M&S wins latest loss relief battle

THE COURT OF APPEAL has upheld Marks & Spencer’s position in the long running dispute with HM Revenue & Customs over the use of losses in overseas jurisdictions.

The saga began in 2002 and centred on the business’s use of losses made in subsidiaries based in Belgium and Germany to offset its UK tax bill. The European Court of Justice ruled that this practice was acceptable, so long as the losses could not be used for relief in the subsidary’s resident country – the so-called “no possibilities” test.

The main area of contention is now over when the test should be applied – at the end of the accounting period where the losses applied, which is HMRC’s position, or the date of the claim. M&S contends that it would not be possible to apply the test at the end of the accounting period, because it would not be possible to forsee what reliefs would apply. The upper tax tribunal agreed with the taxpayer.

The latest ruling in the Court of Appeal upheld this position.

Peter Cussons, tax partner at PwC, said this was a “steady as she goes” ruling, and it is likely that this is not the end of the saga.

Stephen Herring, tax partner at BDO, said that these issues are clouding the main point, that M&S is entitled to use the loss relief.

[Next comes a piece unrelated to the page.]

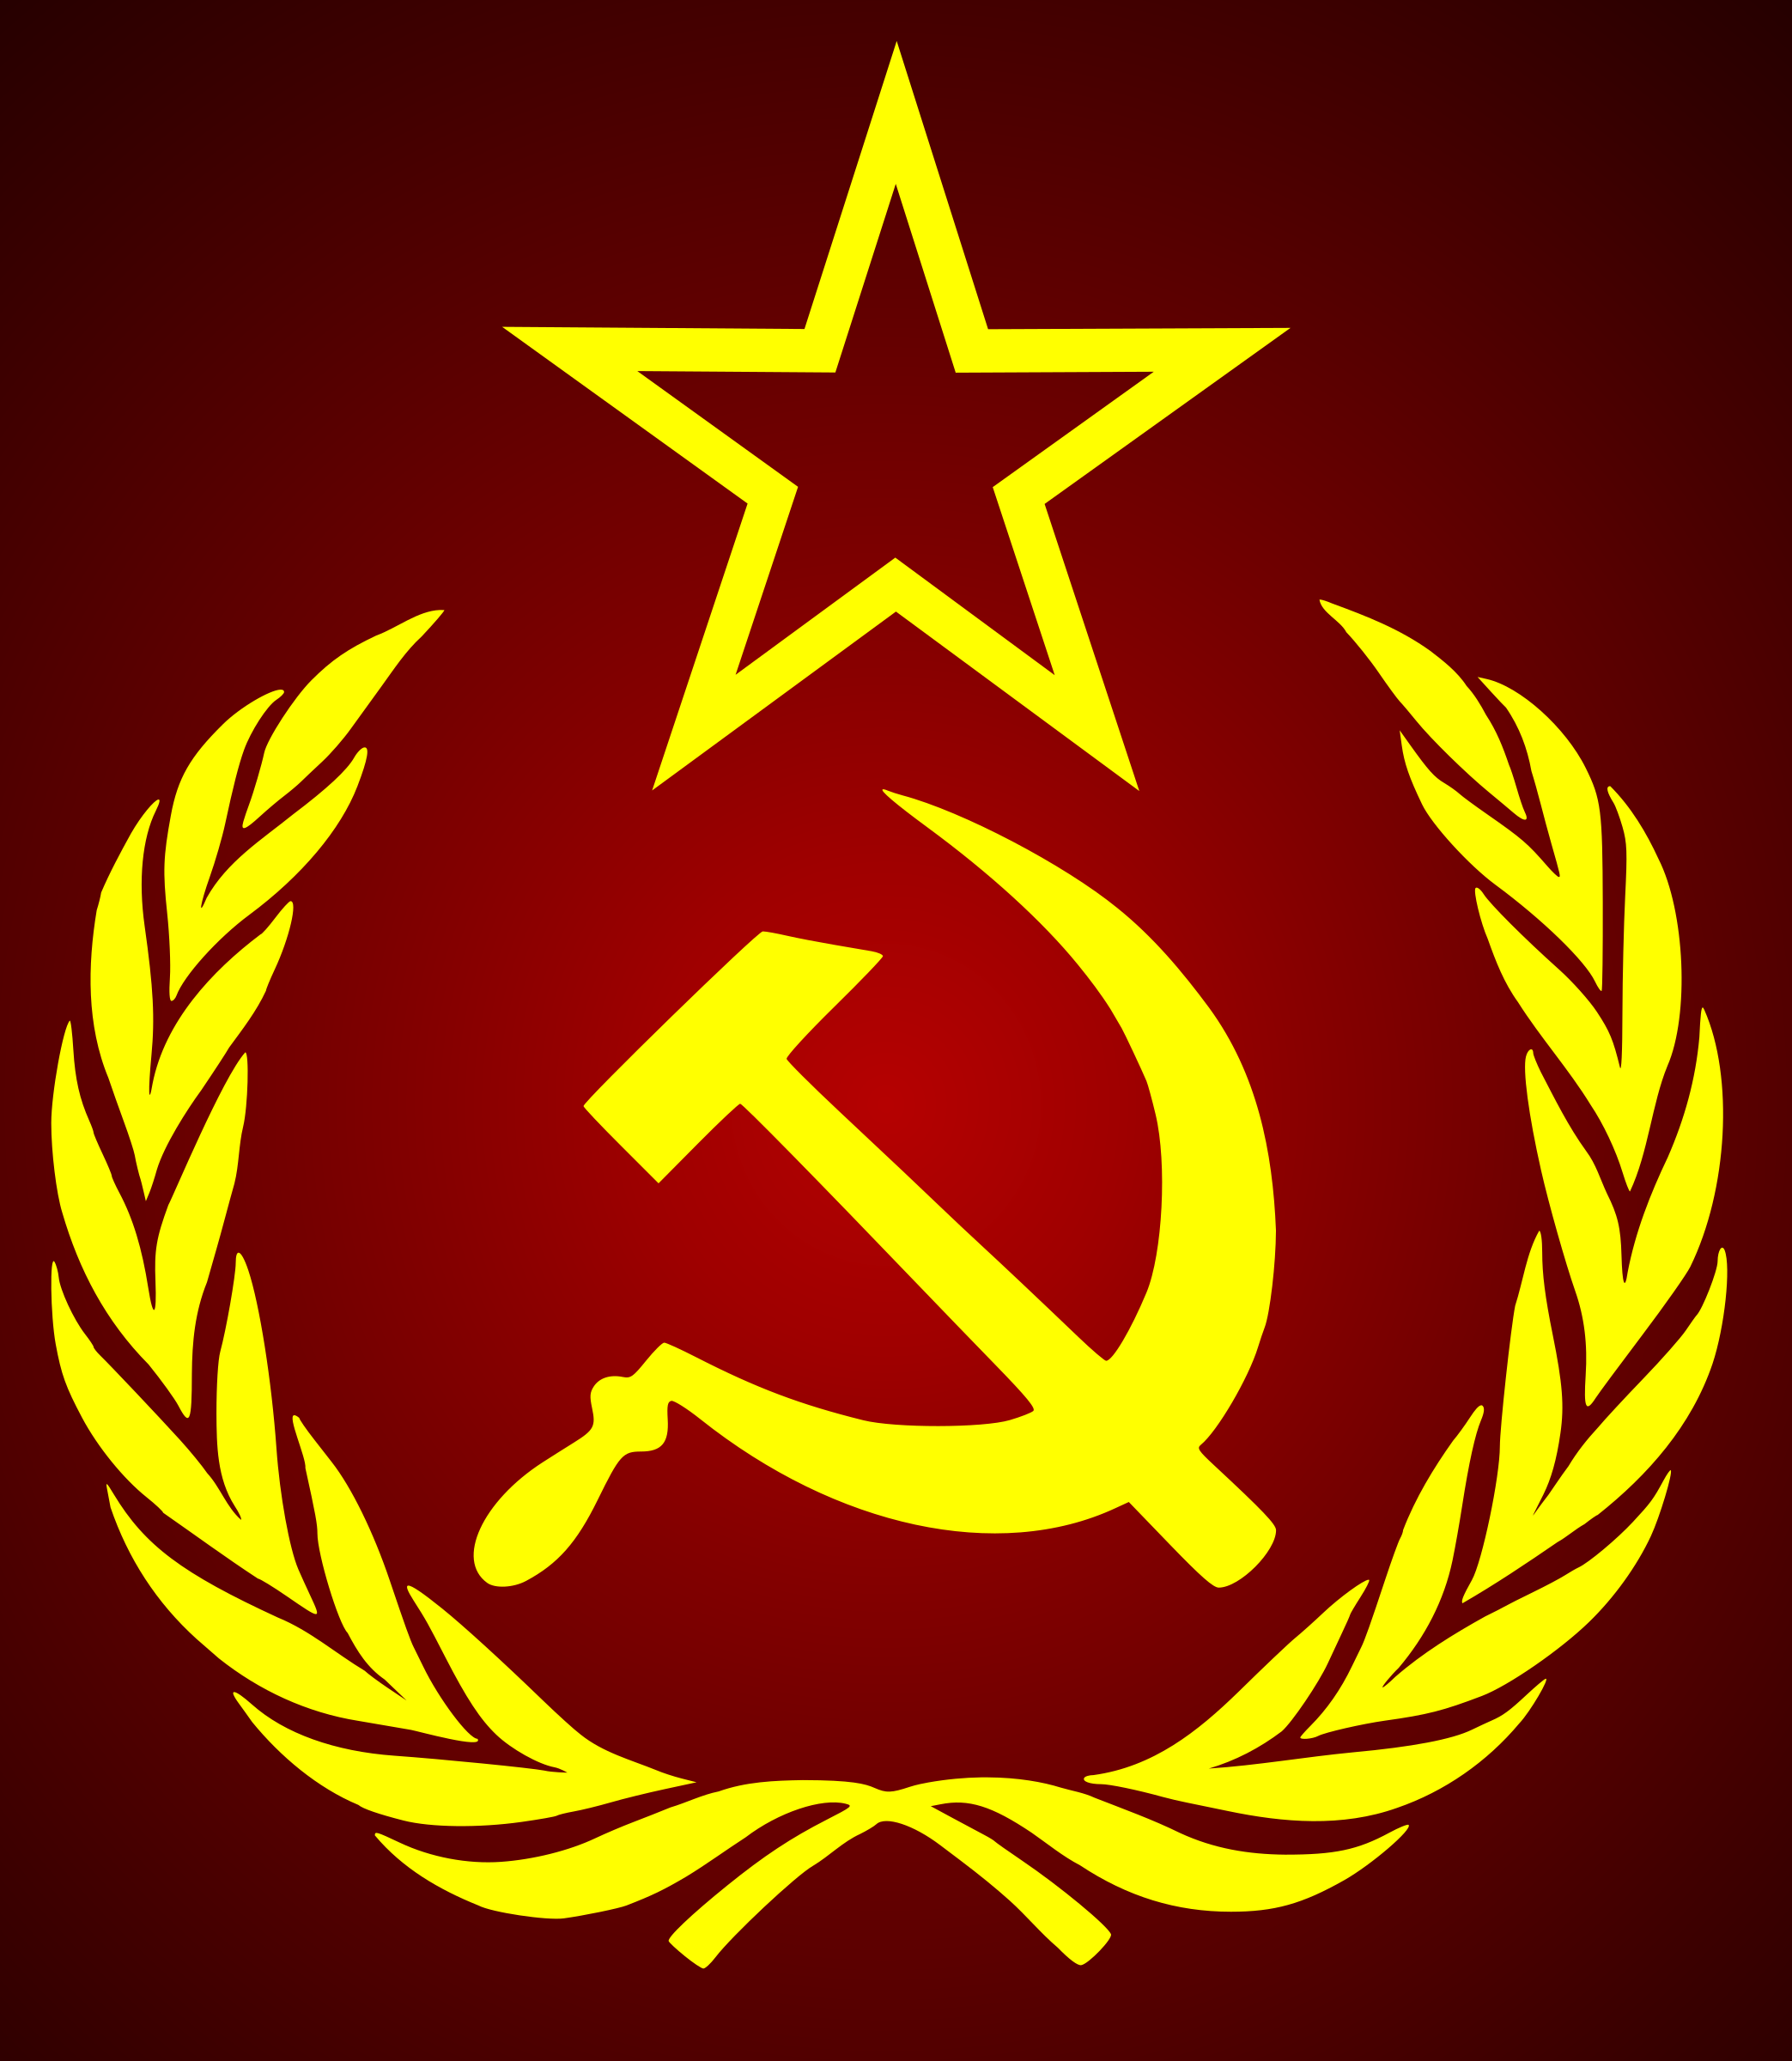 https://openclipart.org/image/2400px/svg_to_png/150655/hammer-sickle-star-color.png
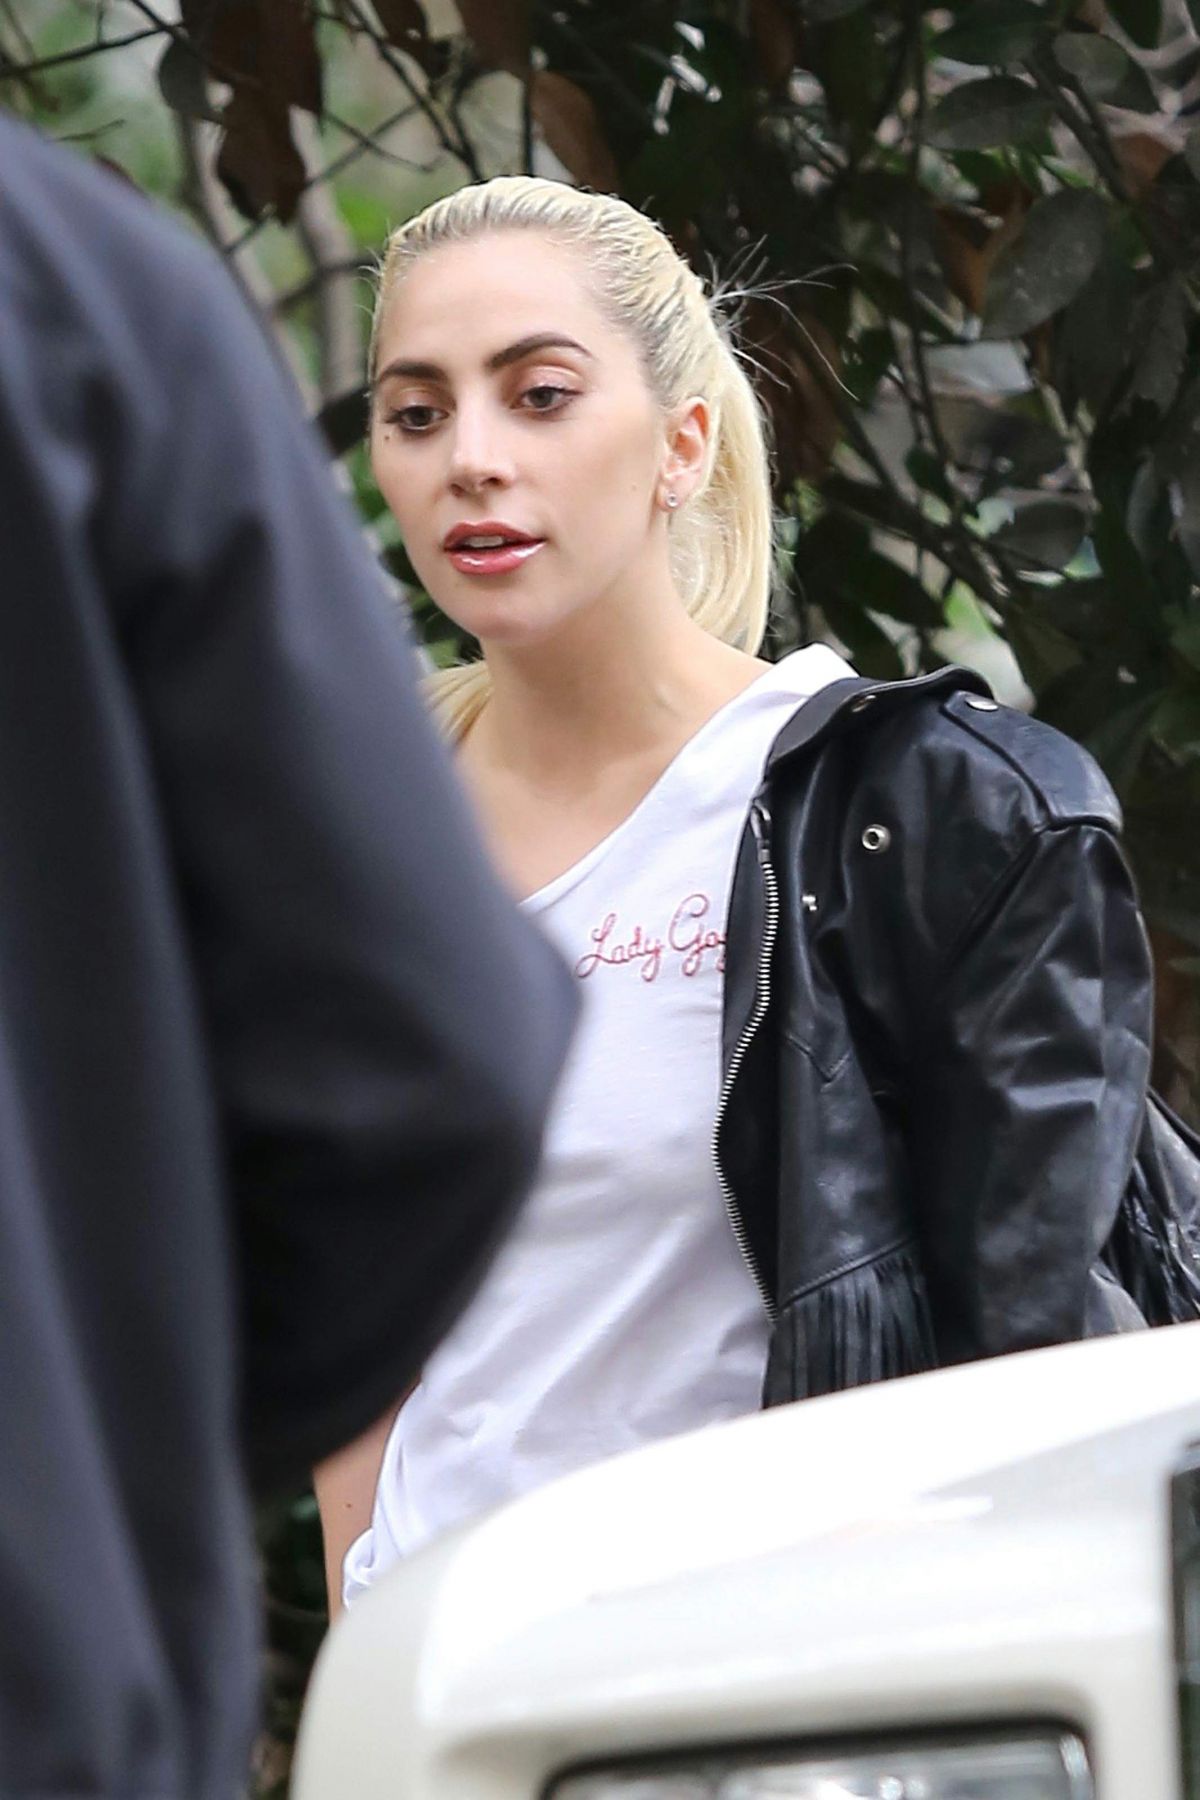 LADY GAGA at Bradley Cooper’s House in Brentwood 12/10/2016 – HawtCelebs1200 x 1800

“HMRC have attempted to, artificially, in my view, place obstacles in the way of M&S securing group relief in the circumstances which arose here by attempting to adopt an unduly restrictive view of the group relief claims,” he said

“I think HMRC should resist the temptation to appeal this judgement and focus upon pursuing cases where the EU rights are being abused to assist tax avoidance schemes,” Herring added.